*Instructions to follow:*
Could you output the whole listing exactly as it stands, minus any images?

(Data below)

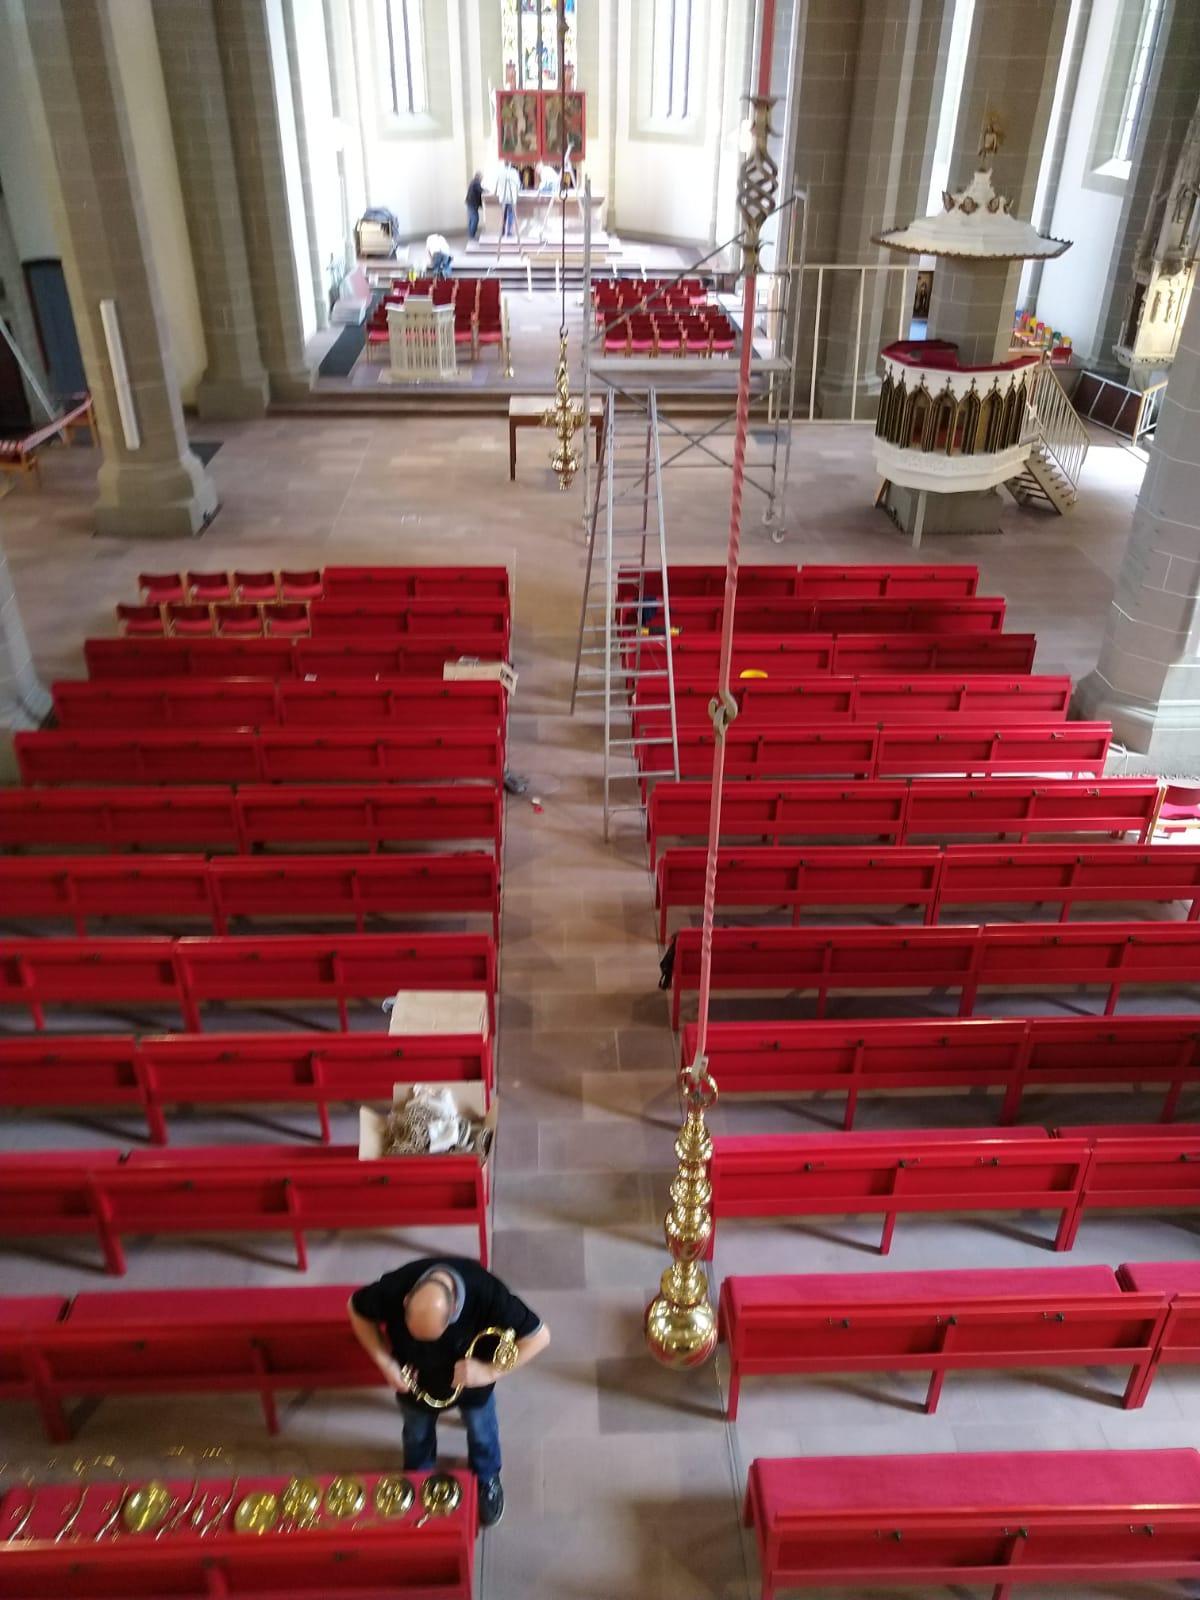 Die Kronleuchter sind inzwischen schon wieder zum Einsatz gekommen- zuletzt beim feierlichen Einzug in die Kirche am 05.09.2021
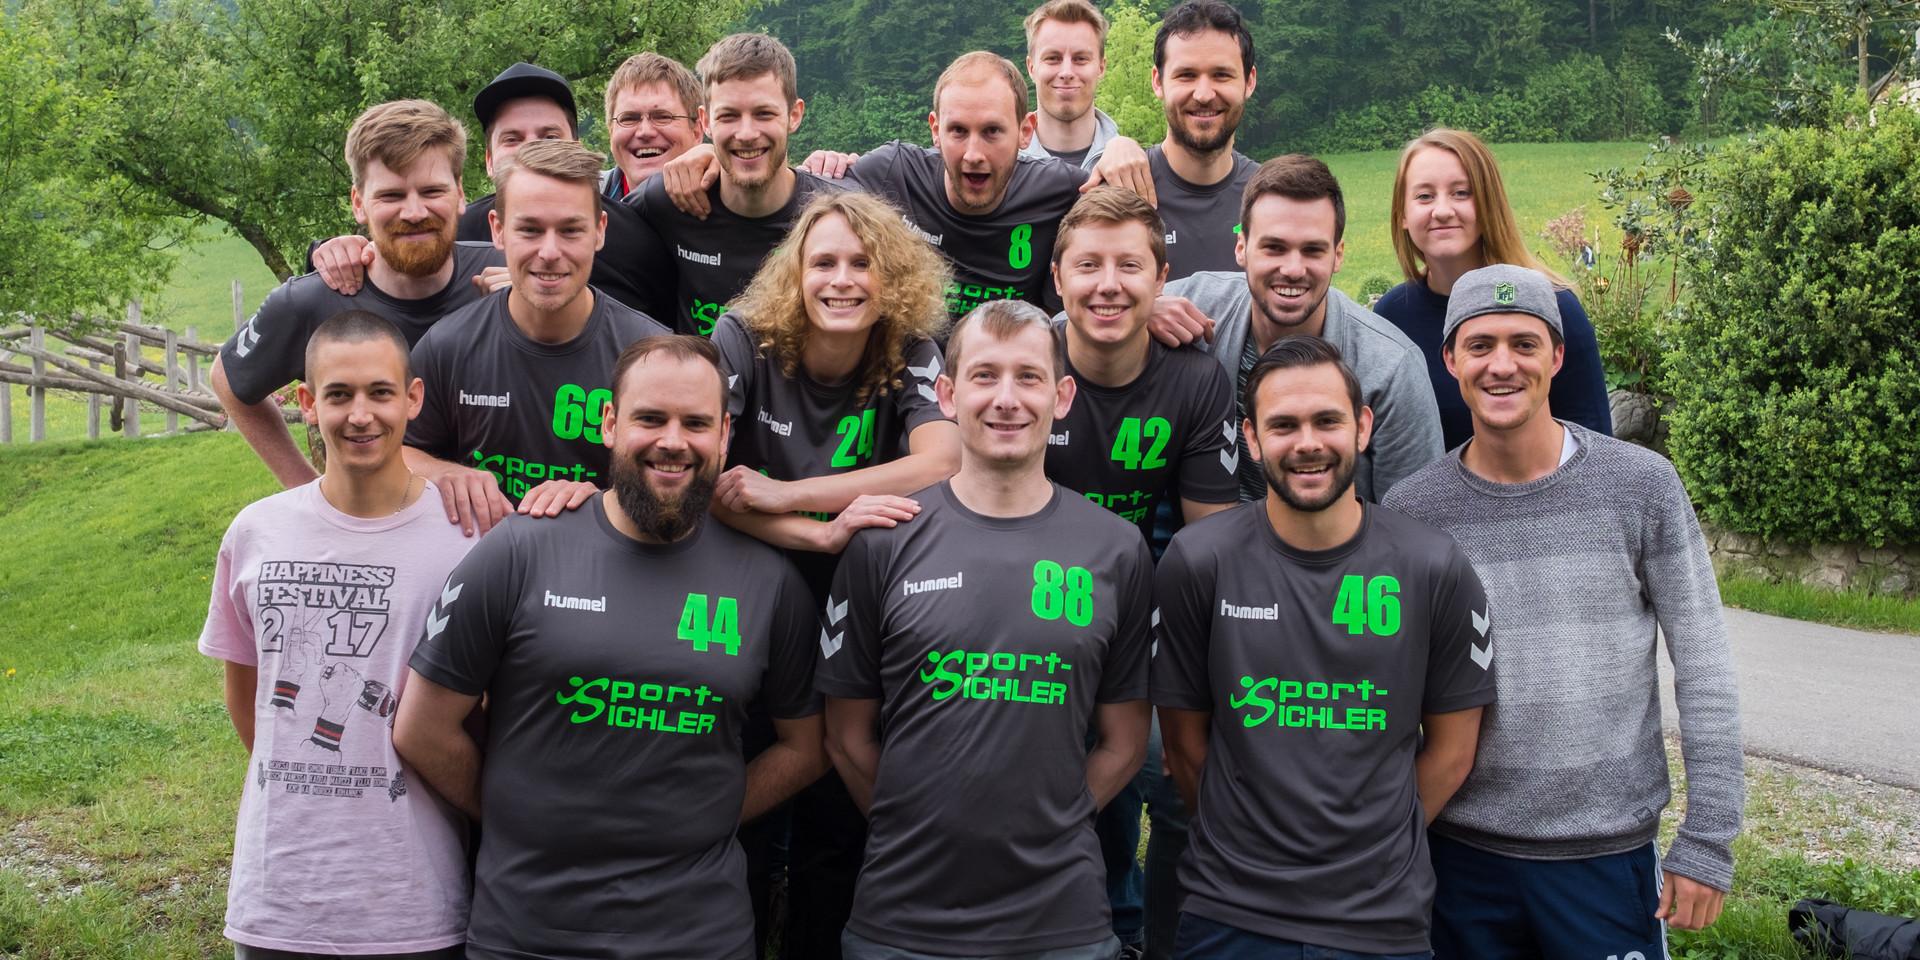 Gruppenfoto Süddeutsche Meisterschaft 2017/2018
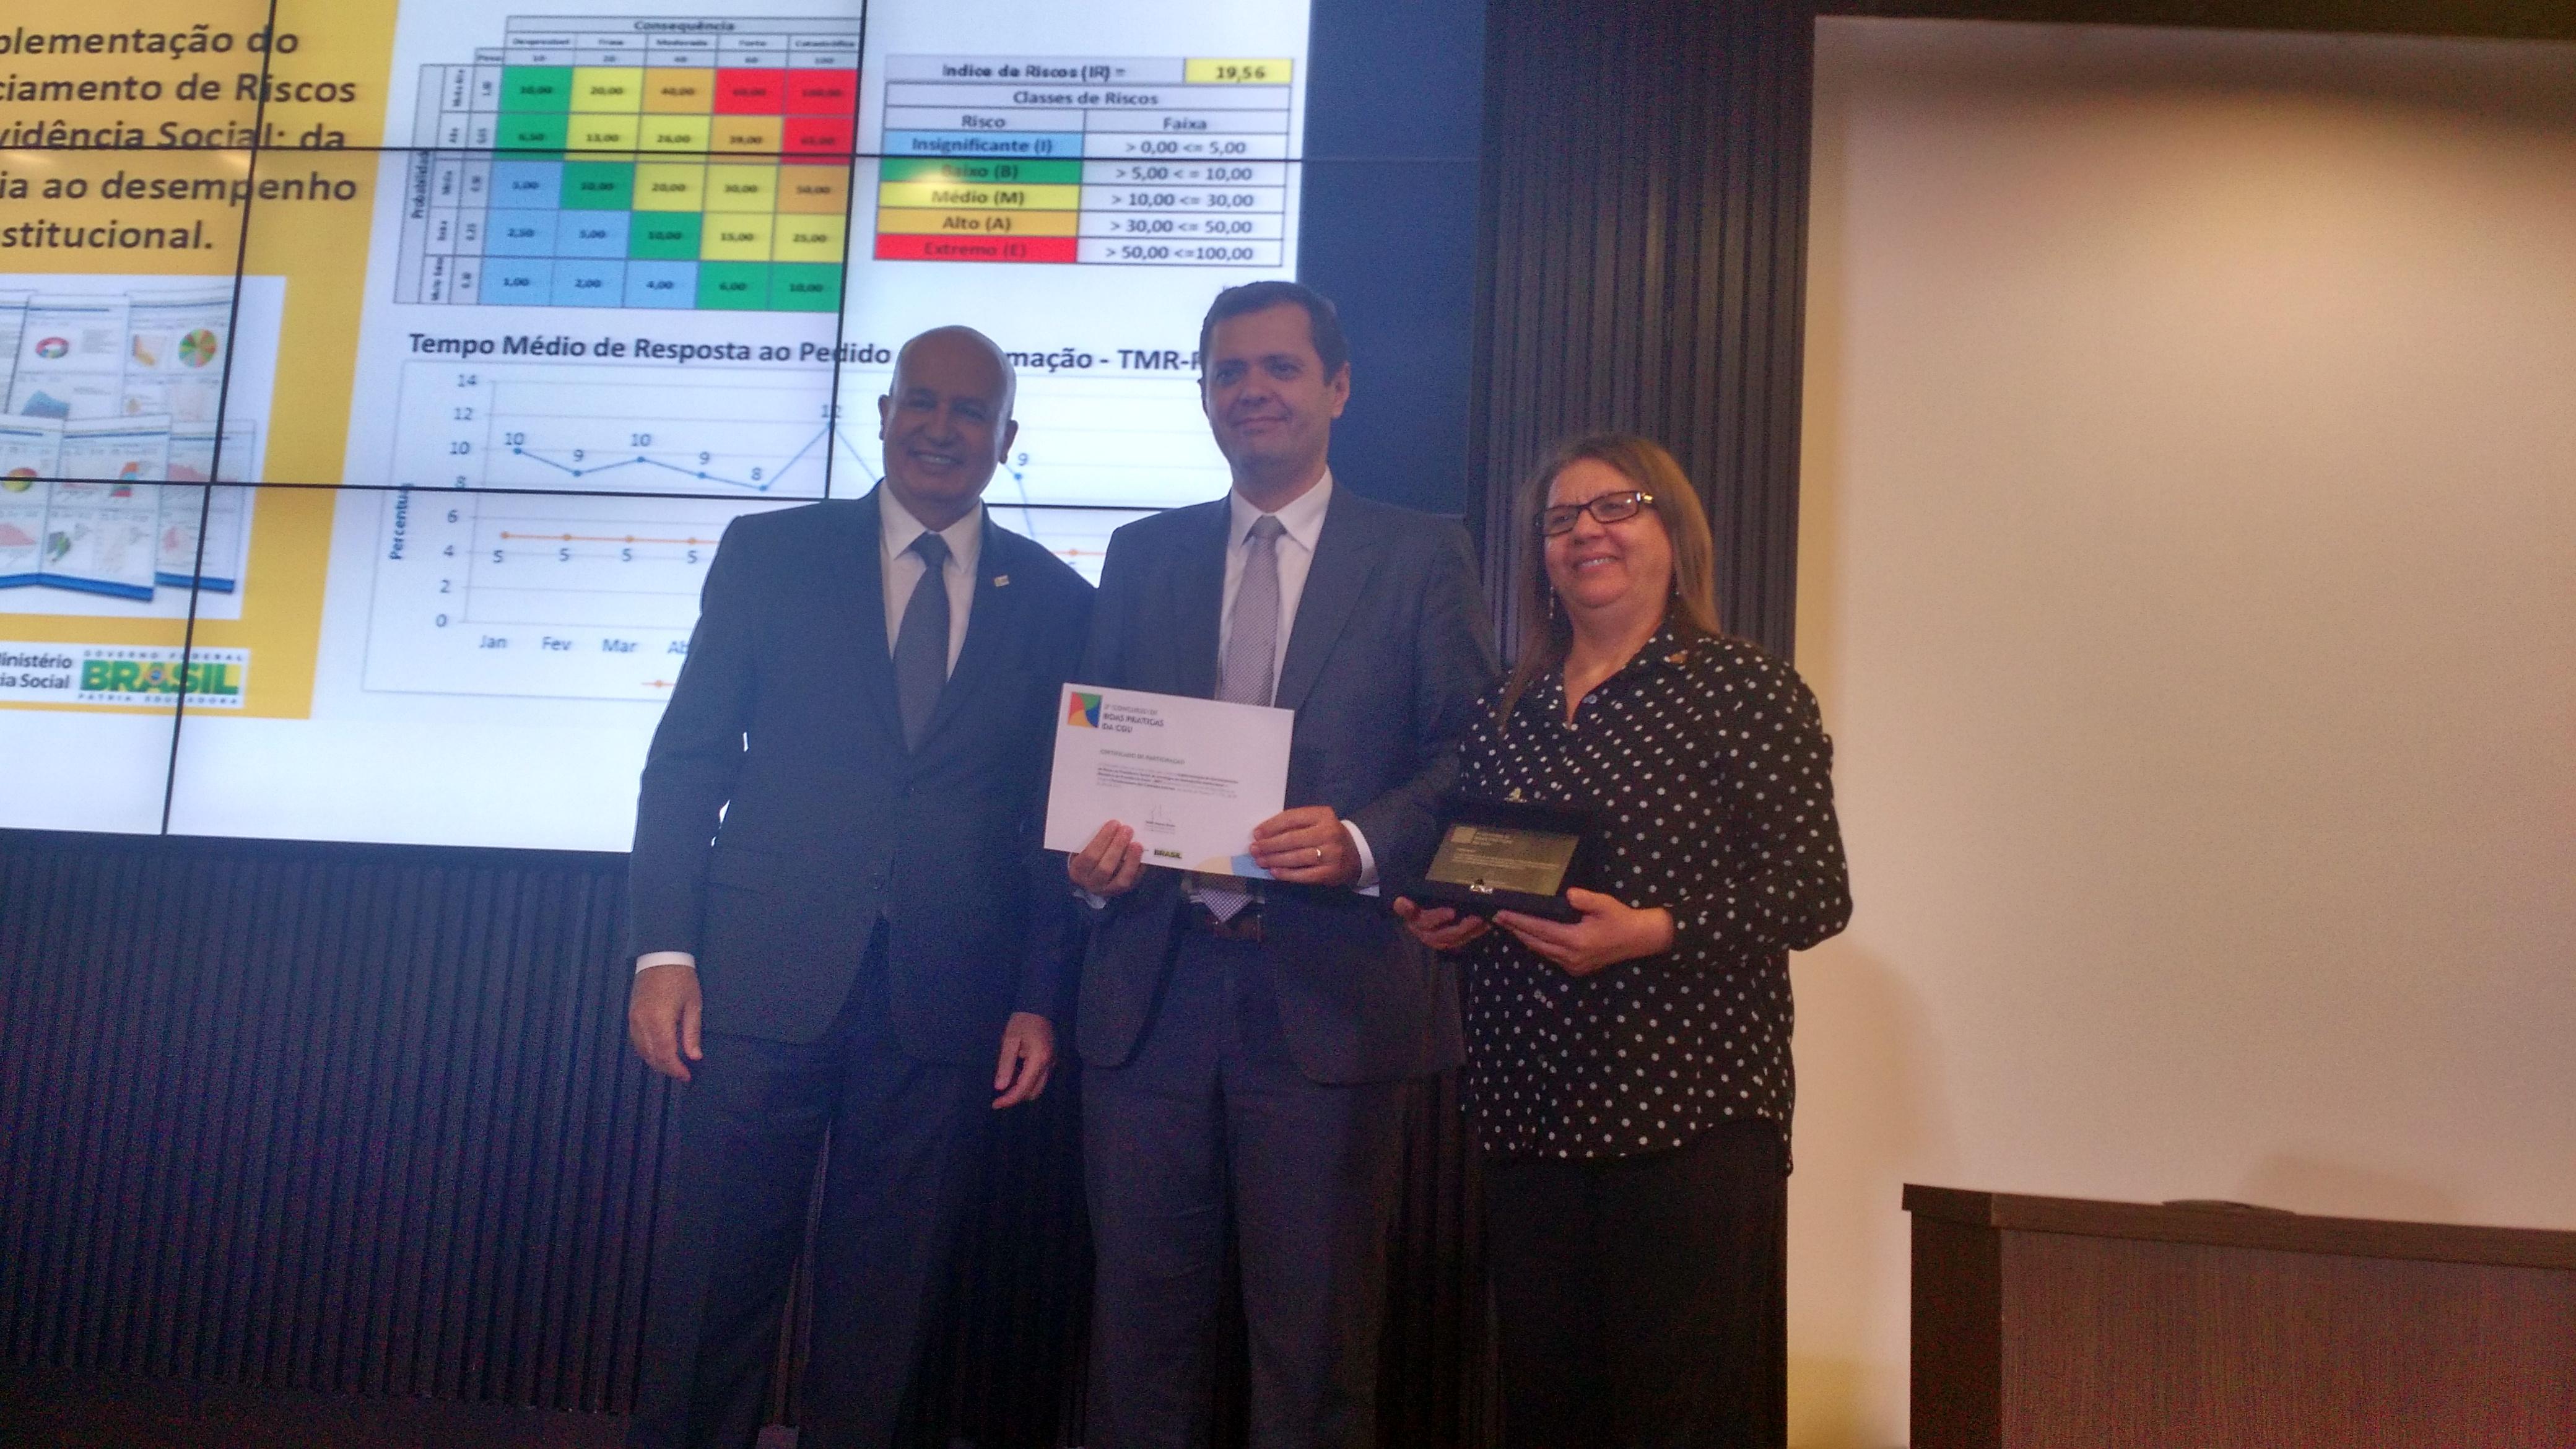 O ministro-chefe da CGU, Valdir Simão, entrega o prêmio para o secretário-executivo do MTPS, Cláudio Puty, e para a assessora do MTPS, Nicir Chaves. Foto: João Victor Bezerra.

(End Data below)

*Task output:*
 Die Kronleuchter sind inzwischen schon wieder zum Einsatz gekommen- zuletzt beim feierlichen Einzug in die Kirche am 05.09.2021
 Gruppenfoto Süddeutsche Meisterschaft 2017/2018
 O ministro-chefe da CGU, Valdir Simão, entrega o prêmio para o secretário-executivo do MTPS, Cláudio Puty, e para a assessora do MTPS, Nicir Chaves. Foto: João Victor Bezerra.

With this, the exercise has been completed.